Task objective: Reproduce the lines below verbatim. Pictures are to be omitted.

Data segment: Begin

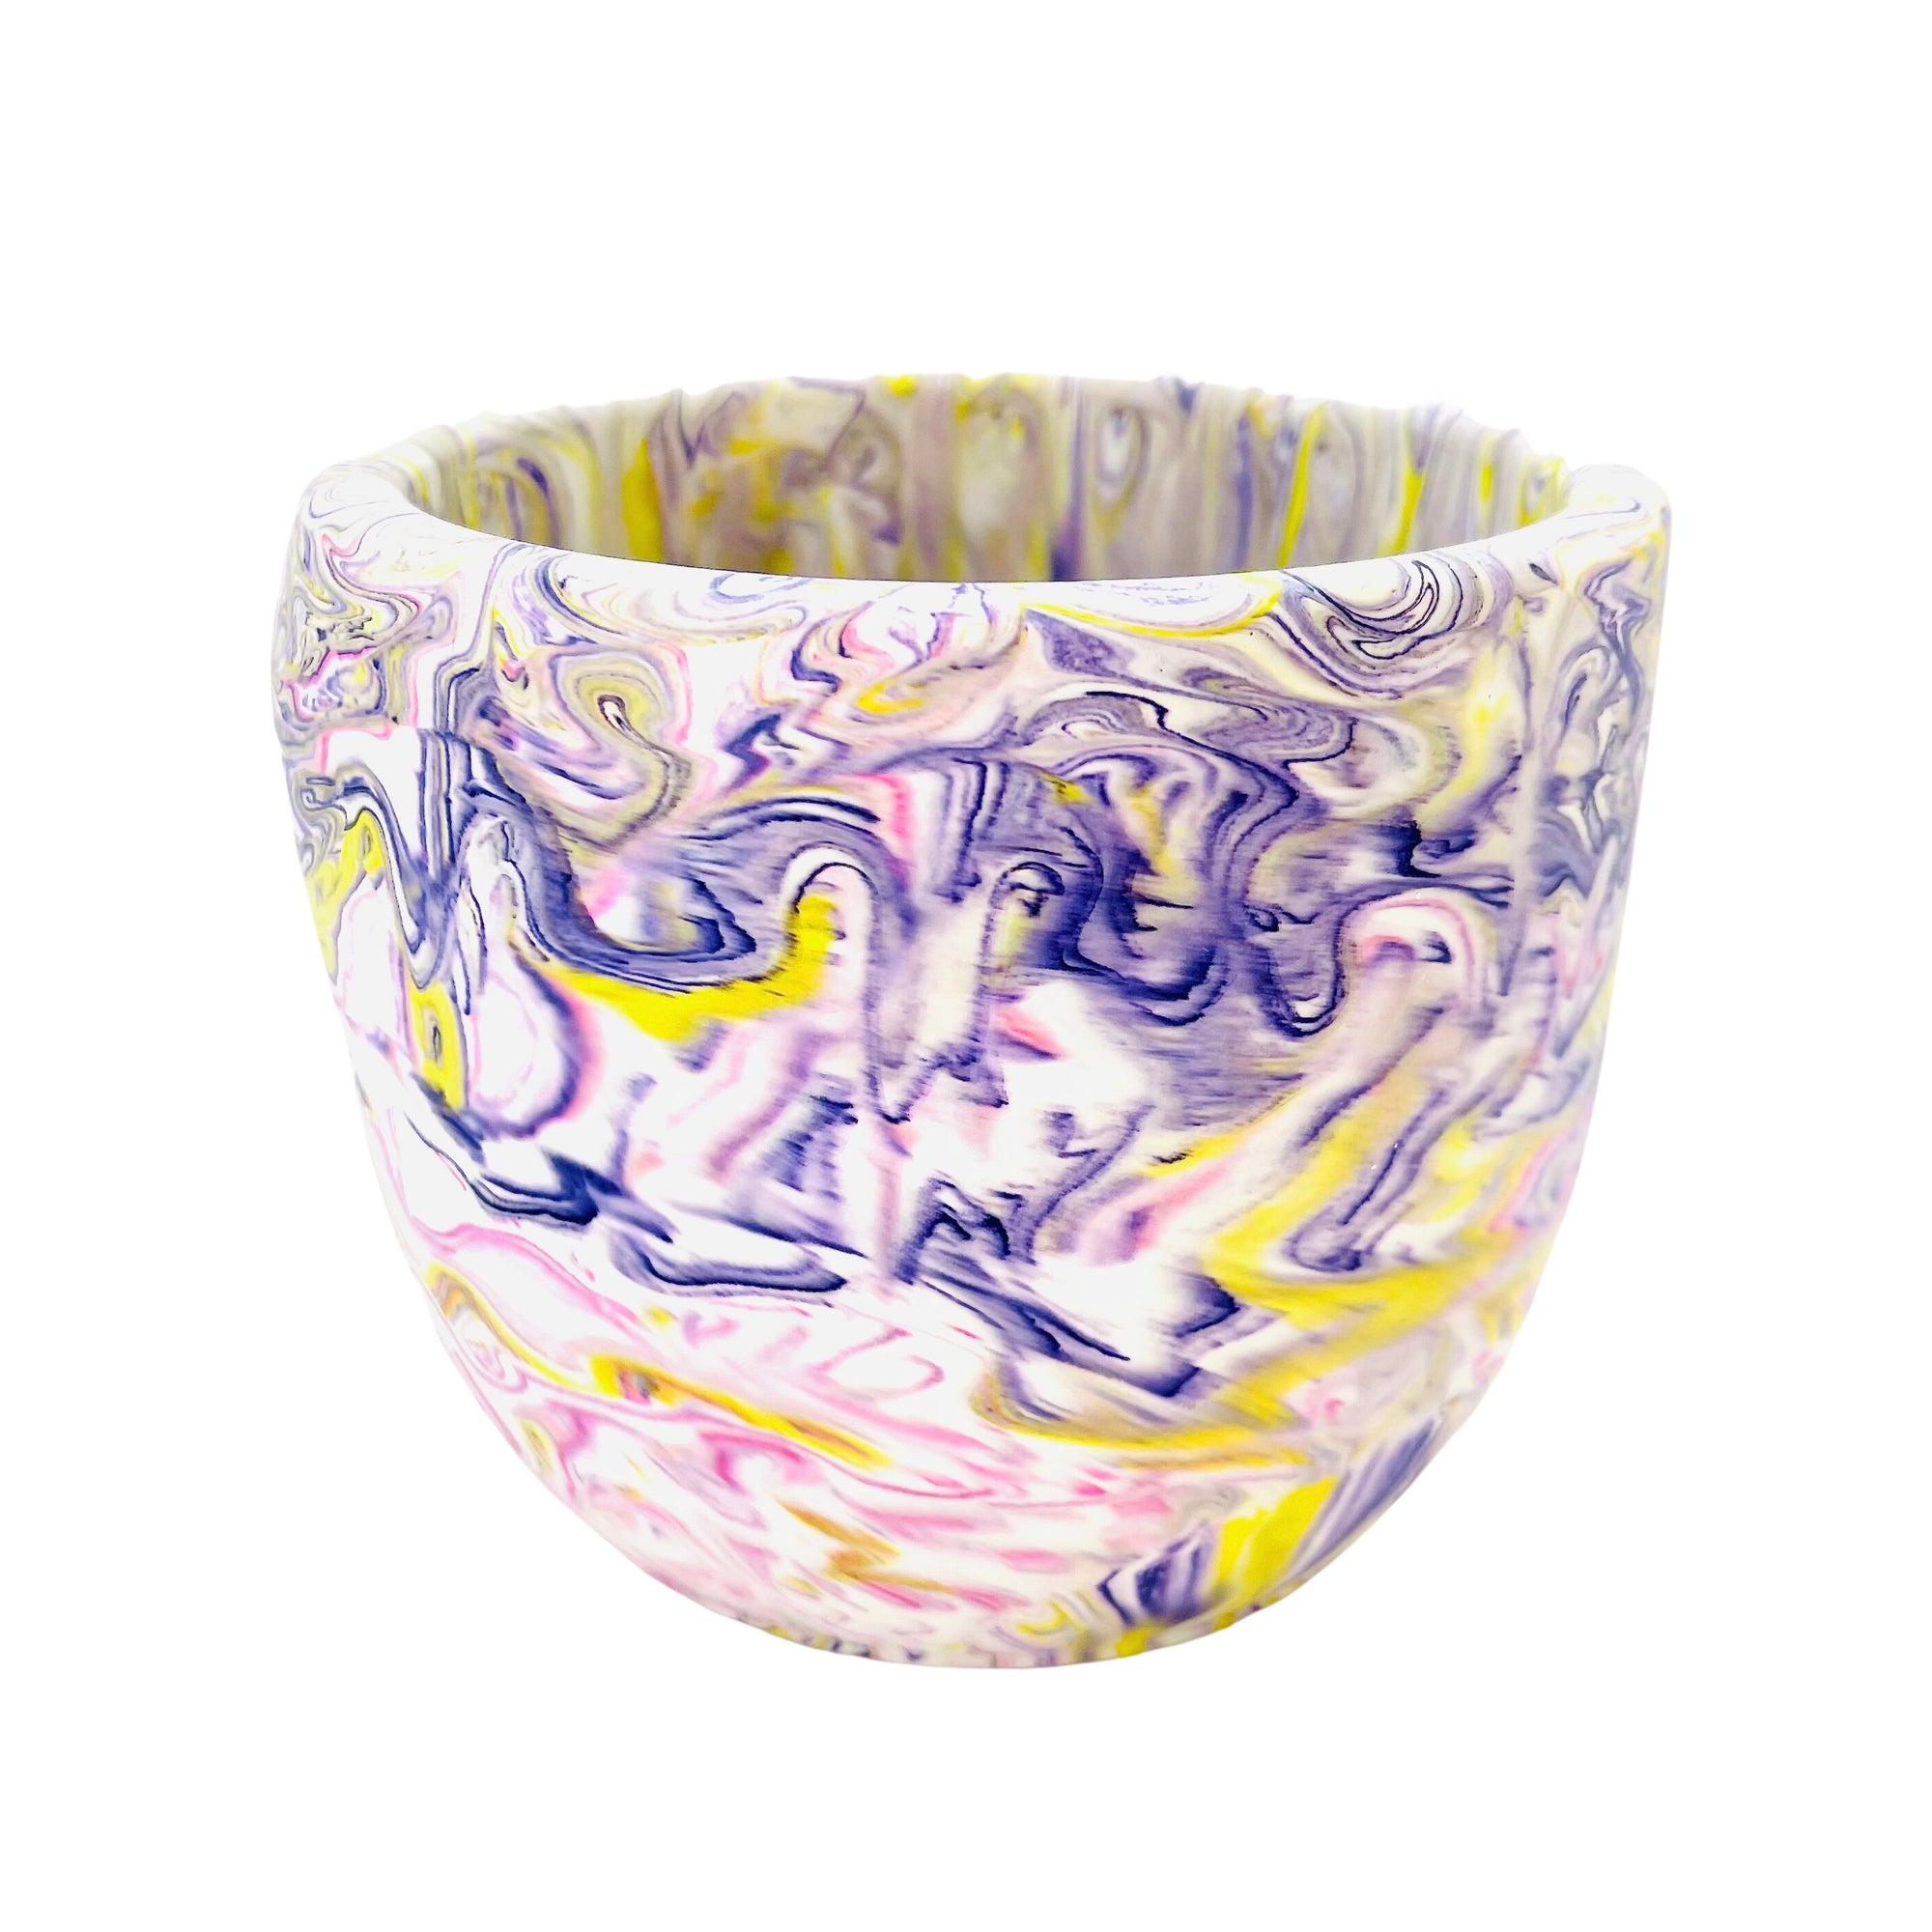 A  soft edged Jesmonite flower pot measuring 12.8cm in diameter,  marbled with swirls of purple, magenta and yellow pigment.
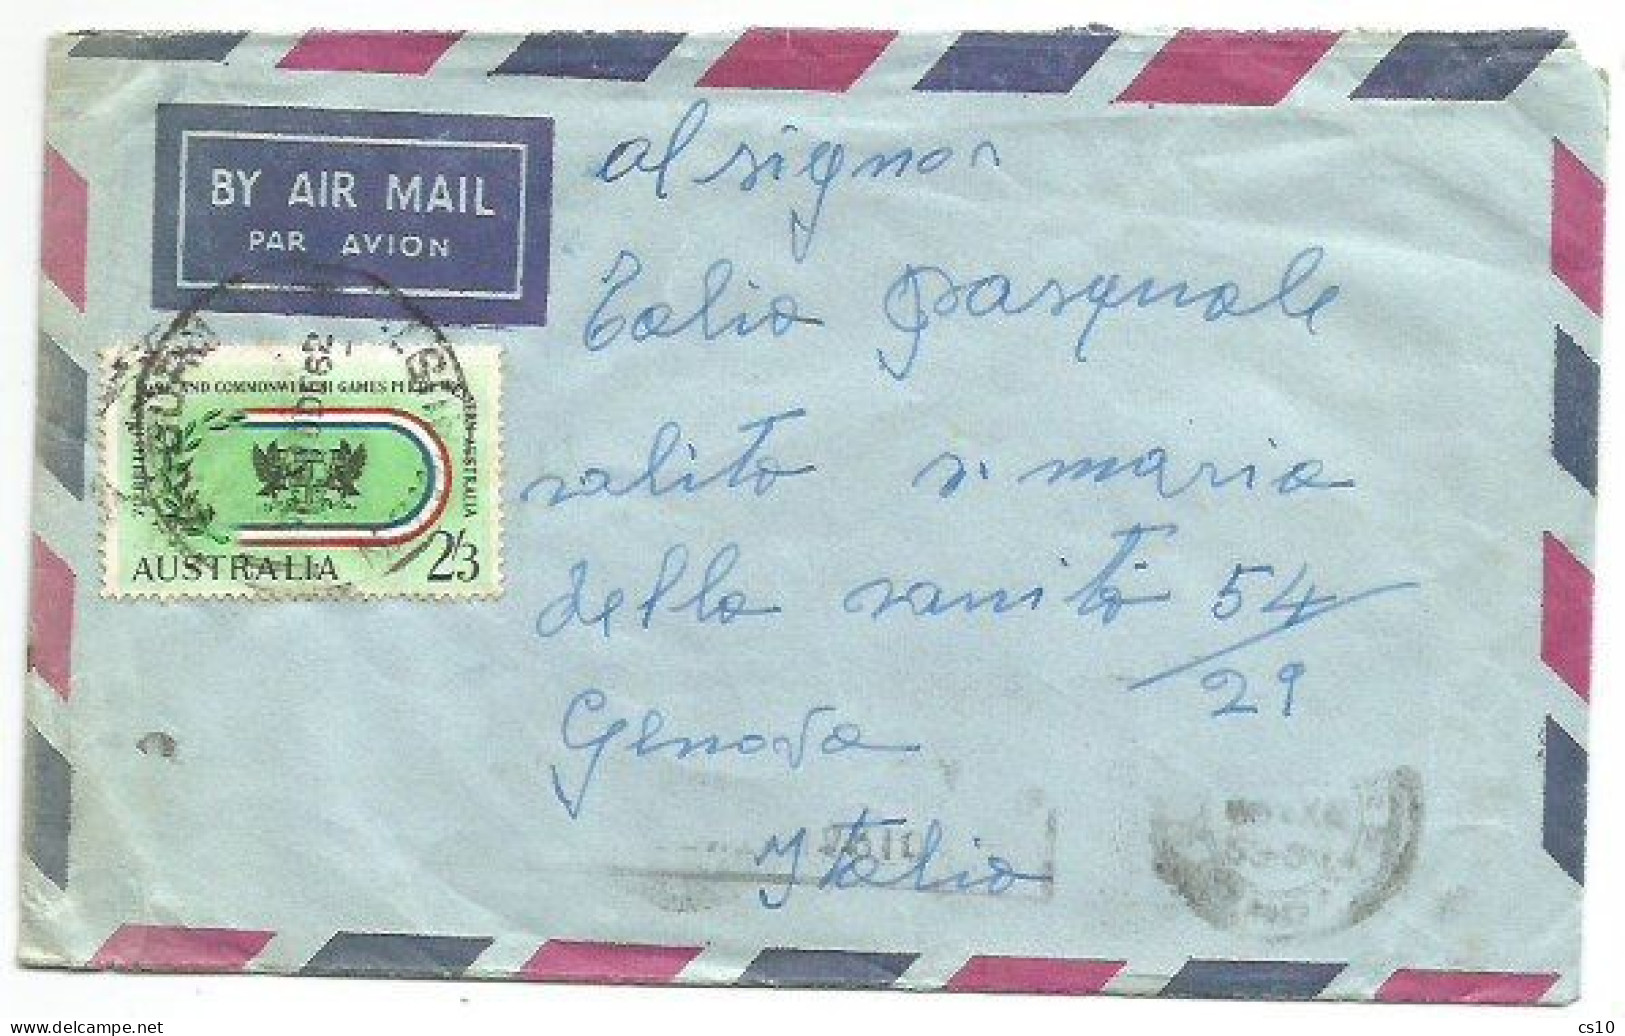 Australia Commonwealth Games 2S3 Solo Franking Airmail Cover Sidney 10dec1962 X Italy - Covers & Documents
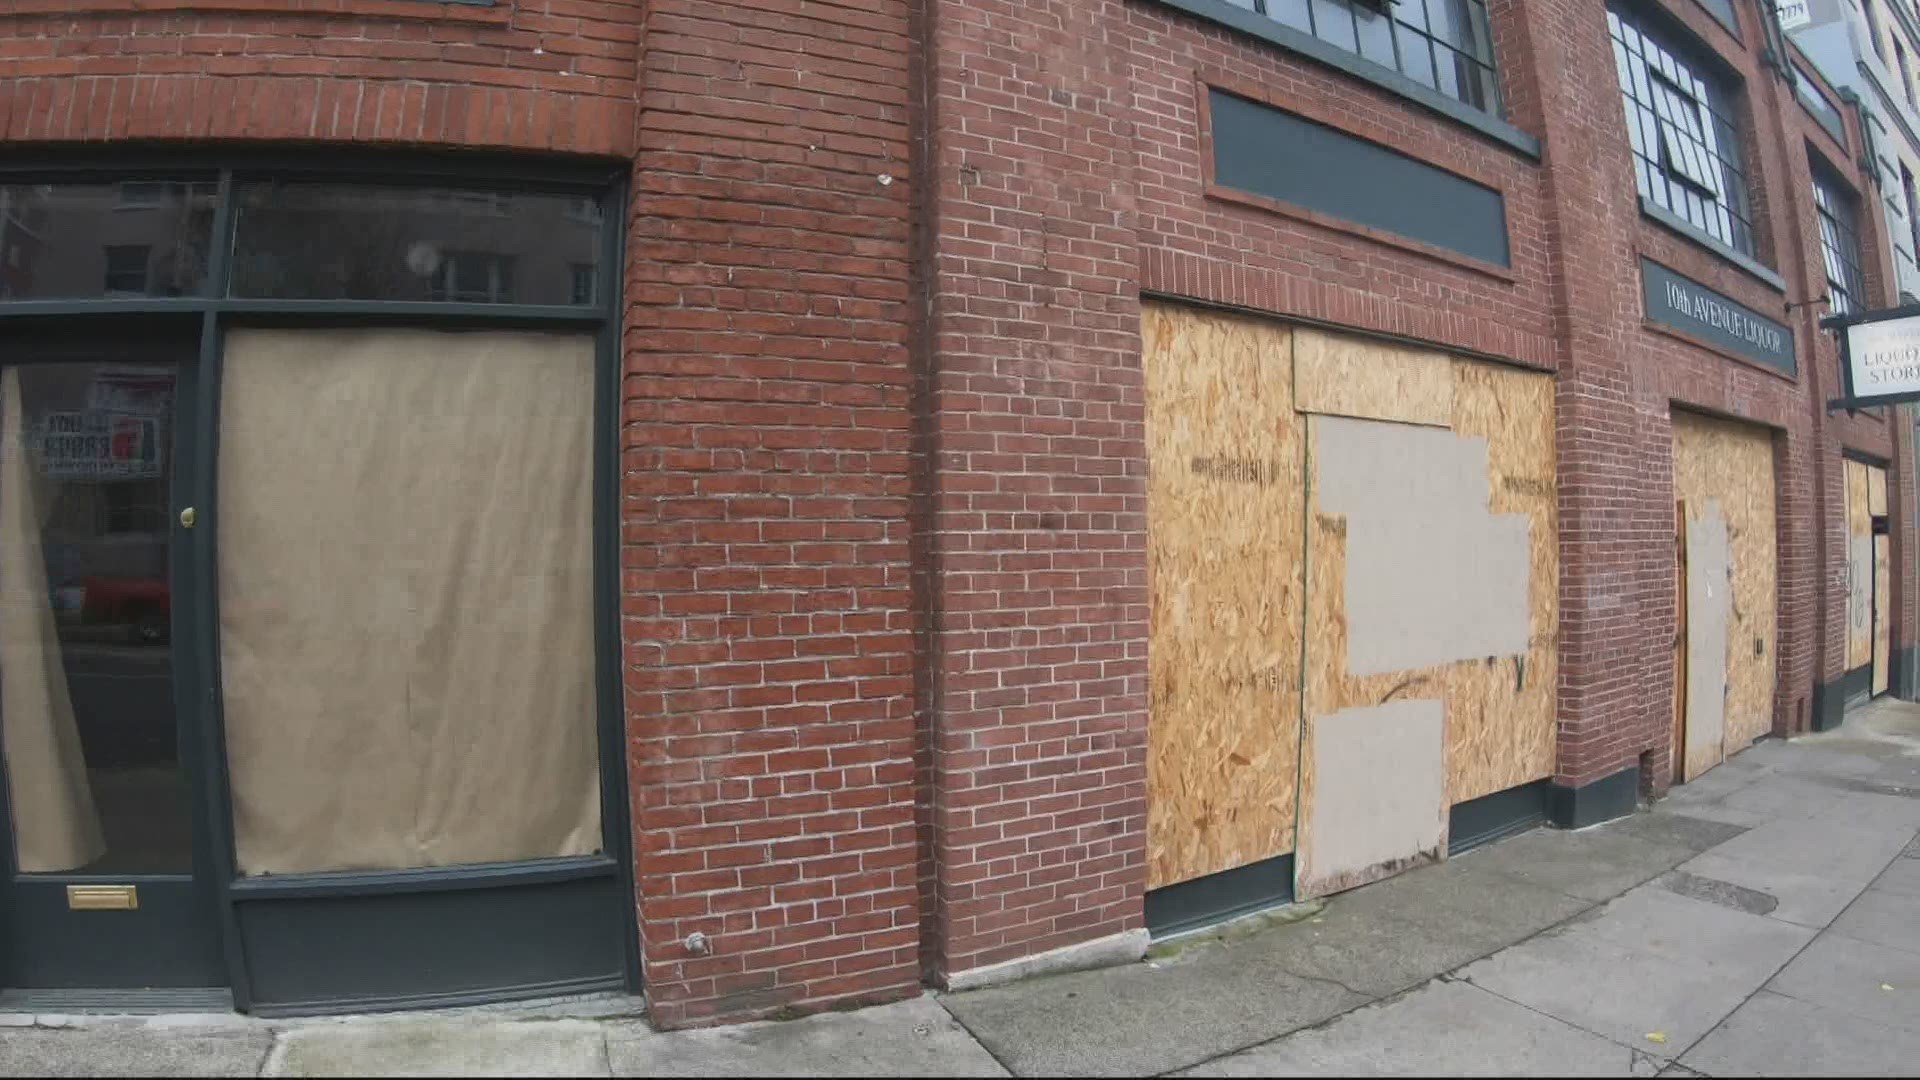 As business look to reopen, owners are calling for action to address vandalism, trash and safety concerns in downtown Portland.

Data segment: End

The answer:
 A  soft edged Jesmonite flower pot measuring 12.8cm in diameter,  marbled with swirls of purple, magenta and yellow pigment.
 Australia Commonwealth Games 2S3 Solo Franking Airmail Cover Sidney 10dec1962 X Italy - Covers & Documents
 As business look to reopen, owners are calling for action to address vandalism, trash and safety concerns in downtown Portland.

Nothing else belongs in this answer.